- Born: May 5, 1913 Fort Worth, Texas, US
- Died: March 3, 1978 (aged 64) Palm Springs, California, US
- Education: Compton Junior College
- Years active: 1939–1978
- Known for: Founder and CEO, Flying Tiger Line Flying ace Pilot, China National Aviation Corporation
- Aviation career
- Air force: United States Navy American Volunteer Group
- Battles: World War II

= Robert William Prescott =

American aviator and entrepreneur

Robert William Prescott (May 5, 1913 – March 3, 1978) was an American aviator and entrepreneur. An ace with the Flying Tigers in the early part of World War II, he went on to found the Flying Tiger Line, the first scheduled cargo airline in the United States.

==Early life==
Prescott was born in Fort Worth, Texas. After high school, in 1934 he moved to California and worked his way through Compton Junior College as a truck driver. He was also working and attending Loyola Law School in Los Angeles when some friends dragged him along on a visit to the naval flying school at Long Beach. Prescott was hooked.

==Aviator==
In 1939, he quit studying law and enlisted in the United States Navy to become a pilot. Prescott completed training and qualified as an aviator, and was commissioned as an ensign in 1940. He became an instructor at the naval flying school in Pensacola, Florida. He resigned his commission in September 1941 to join the American Volunteer Group (AVG) to fight the Japanese in China. Before the AVG disbanded in the summer of 1942, he was credited with either 5.5 or 6 victories. Rather than follow his commander, Claire Chennault, and a few of his comrades into the American military, Prescott returned to Fort Worth, where he was interviewed by Fort Worth Press journalist Helen Ruth Verheyden.

In 1943, he returned to Asia and, as an employee of the China National Airways Corporation, made over 300 supply flights over "the Hump" into China. After returning to the United States in 1944, he married Helen Ruth. He was the co-pilot of the "Mission to Moscow" flight of US Ambassador Joseph E. Davies.

==Flying Tiger Line==
In 1945, Prescott met a group of businessmen headed by Los Angeles oil magnate Samuel B. Mosher who were interested in starting a cargo airline to serve the west coast of the United States and Mexico. He convinced them that it would make better business sense to cover all of the continental United States instead. They agreed to match whatever funds Prescott could raise. He raised $89,000 and recruited nine of his Flying Tigers pilot buddies, many of them fellow aces: William Bartling, Clifford Groh, C. H. "Link" Laughlin, Thomas Haywood, Robert Hedman, Ernest "Bus" Loane, Robert J. "Catfish" Raine, Joseph Rosbert and Richard Rossi.

The National Skyway Freight Corporation was established on June 25, 1945, with Mosher as president and Prescott as managing director. The new company's motto was "We'll Fly Anything, Anywhere, Anytime". Prescott purchased 14 Budd RB Conestoga Navy surplus cargo planes for $140,000, then sold six at a profit.

Their first shipment took place in July. They lost $21,000 the first month of operations and $12,000 the second, but were making a profit by the third. However, the charter freight airline began to have financial trouble, so Prescott applied to the Civil Aeronautics Board for a certificate allowing scheduled services. In the meantime, salvation came in the form of a six-month contract with the US Army's Air Transport Command for pilots and maintenance services, later extended to November 1947.

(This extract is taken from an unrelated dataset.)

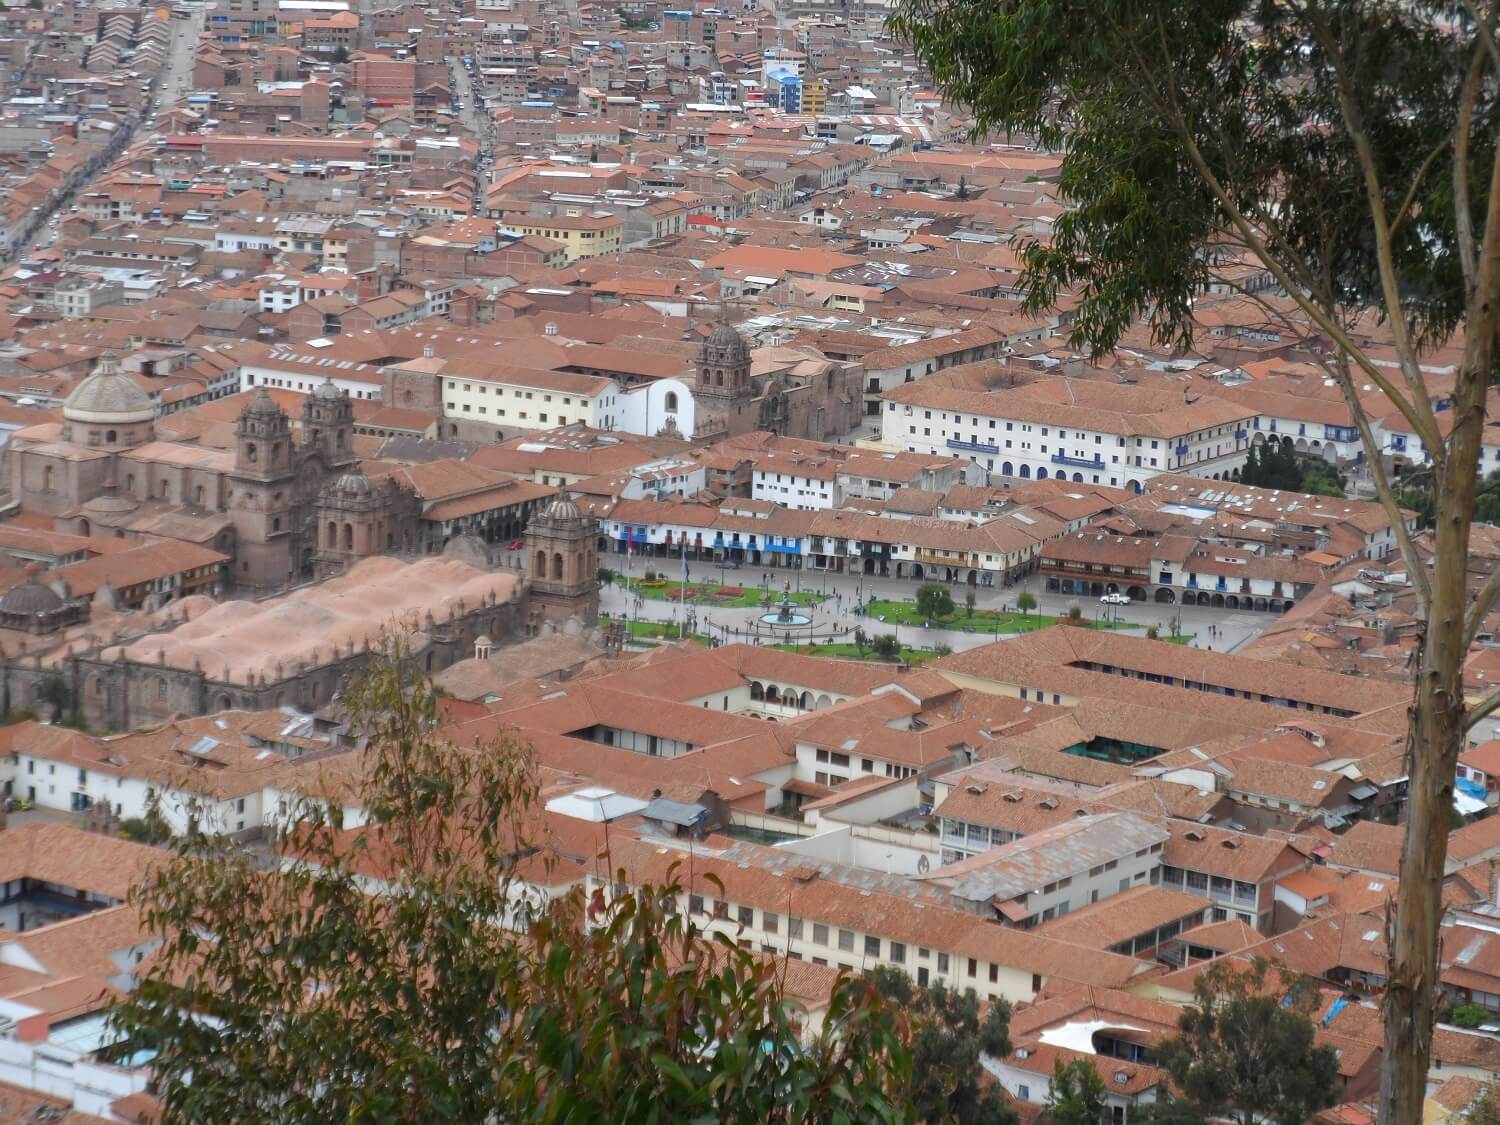 11View to the historic center of Cusco, with the Plaza de Armas, churches and tiled rooftops. Visit Cusco alternatively with RESPONSible Travel Peru!
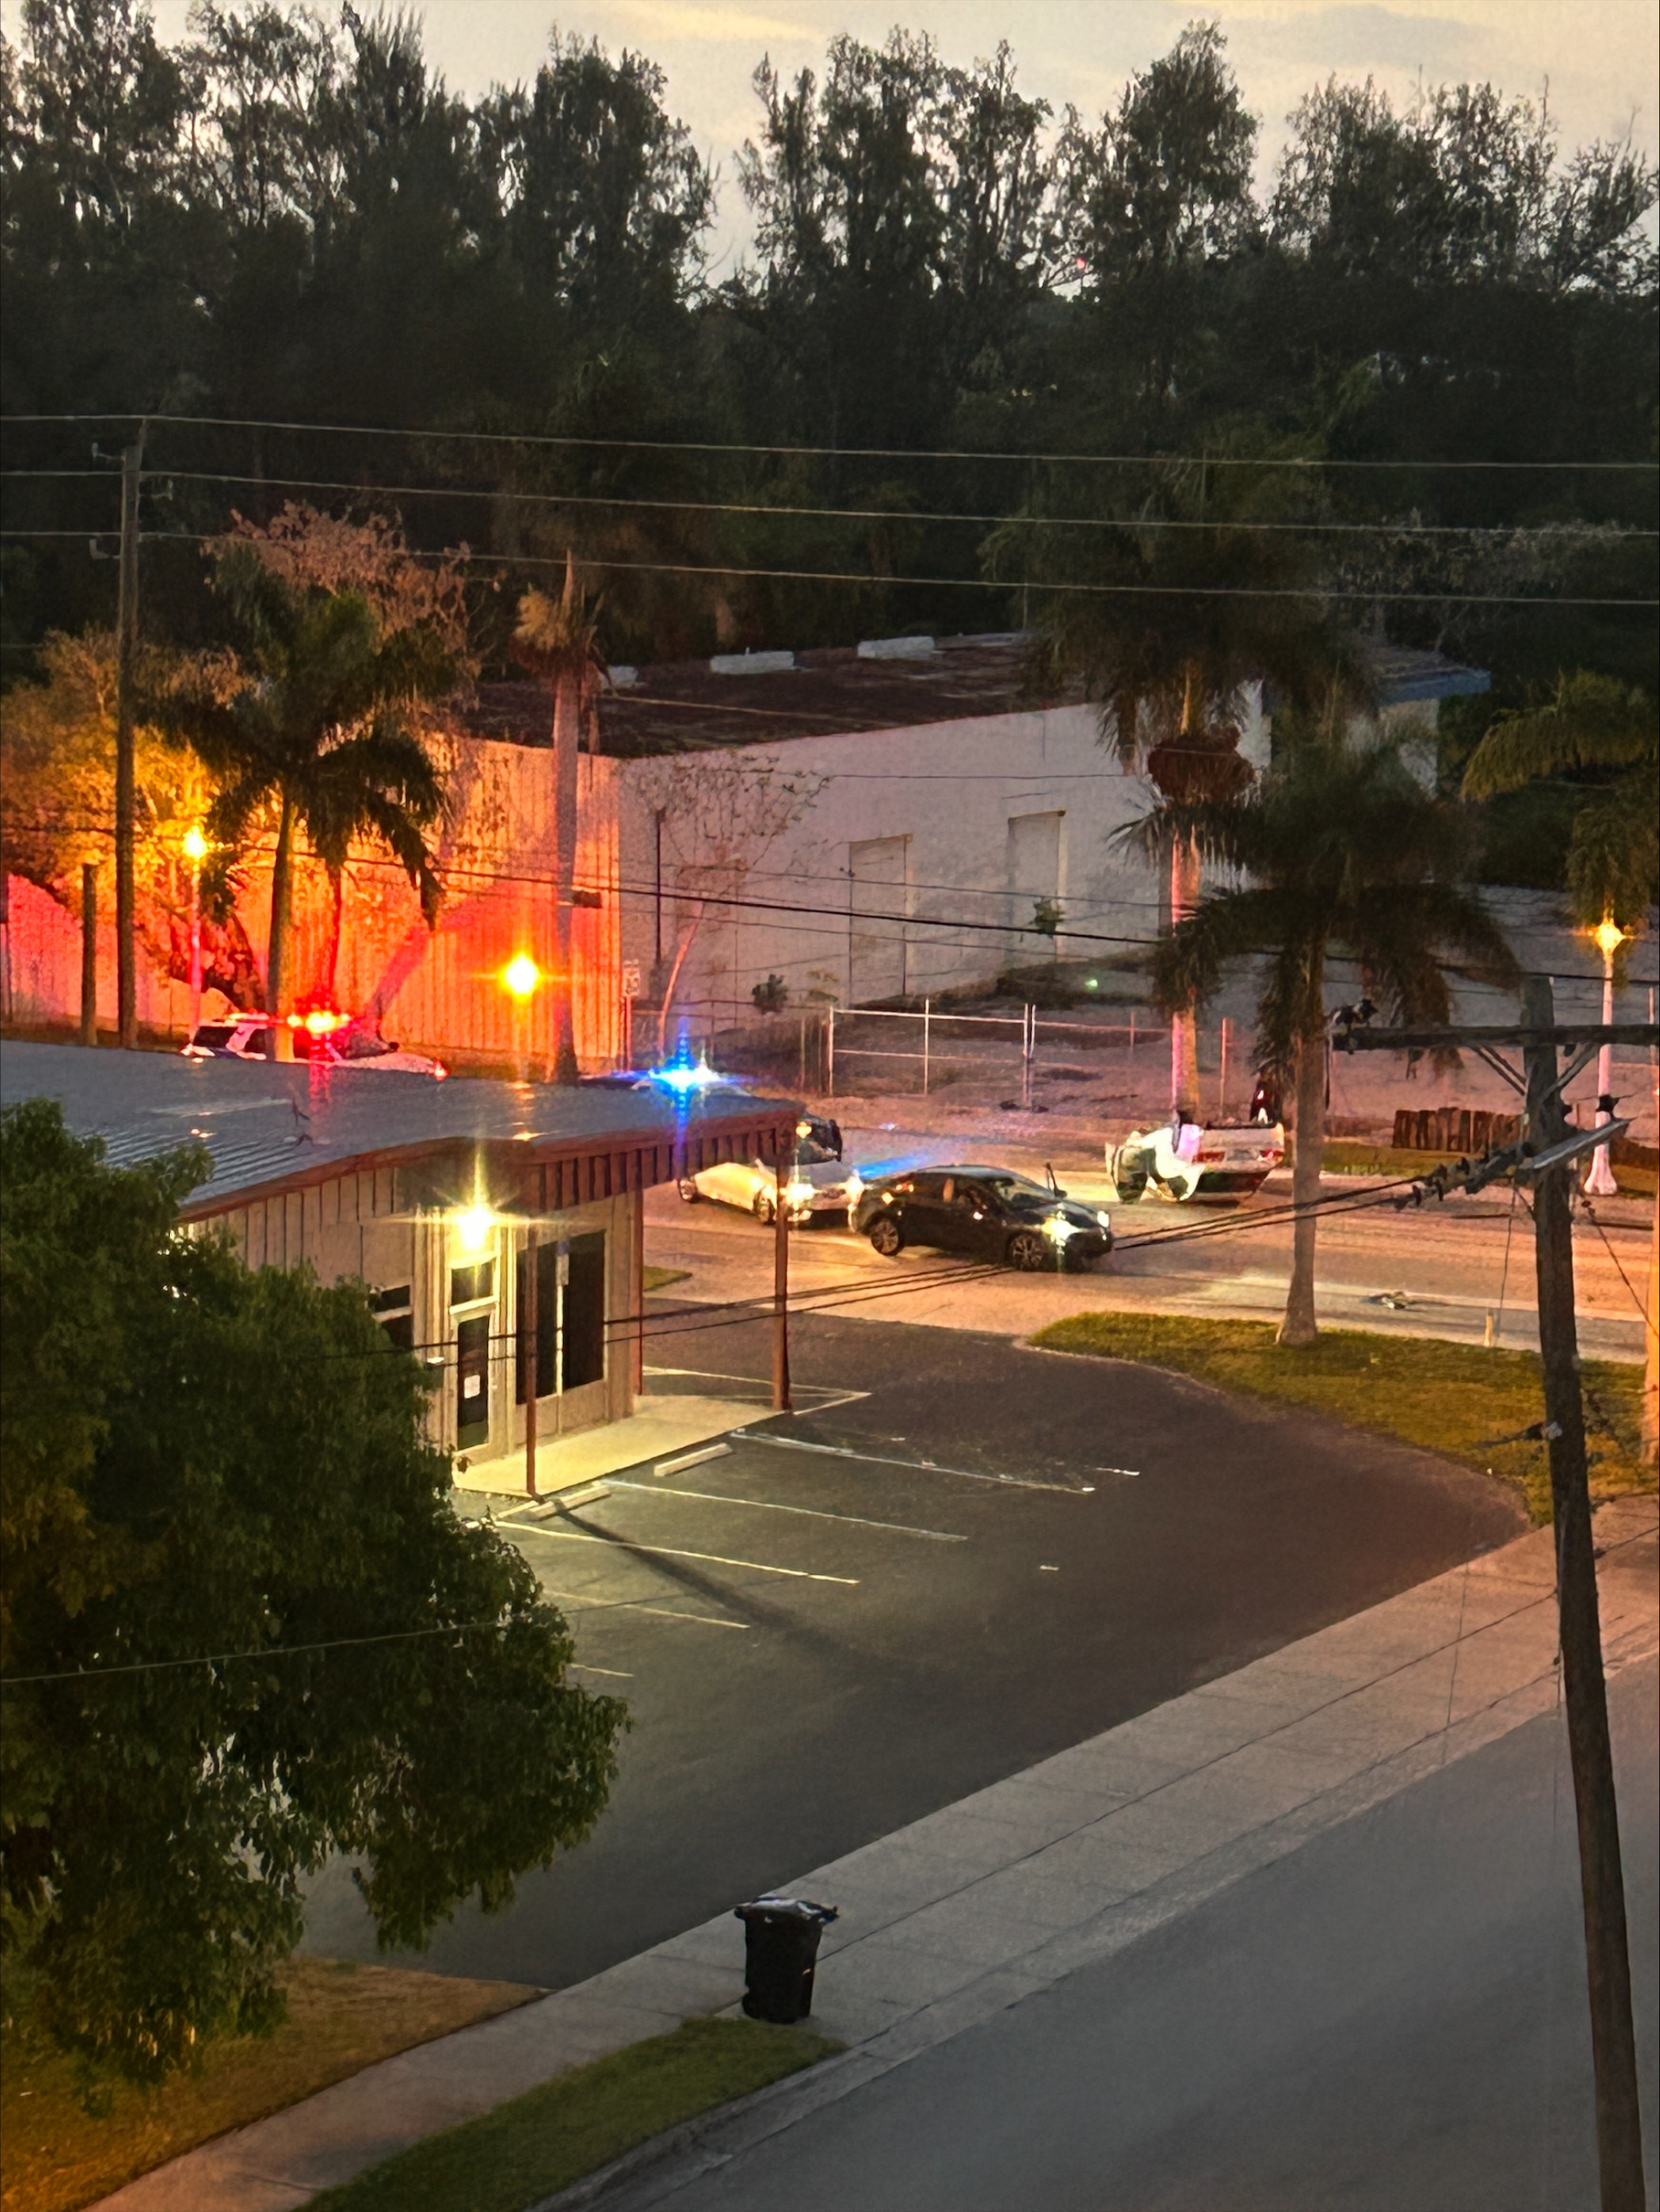 Car flips sending one person to the hospital – Wink News

In 1947, the company's name was changed to Flying Tiger Line. It was "the nation's first regularly scheduled transcontinental all-freight company". The company prospered and expanded, and Prescott remained its only president and chief executive officer until his death in 1978.

Prescott appeared as himself on the October 7, 1963, episode of the CBS panel show To Tell the Truth.

==Death==
Prescott died of cancer at his home in Palm Springs, California, on March 3, 1978, at the age of 64.

His 11-year-old son, Peter, was killed in a Learjet crash near Palm Springs in 1965; he also had two daughters.

Prescott's widow, Dr. Anne Marie Bennstrom, invented the "V-bar" physical therapy device while a physical medicine intern in Sweden. It achieved significant commercial success when marketed under the ThighMaster name.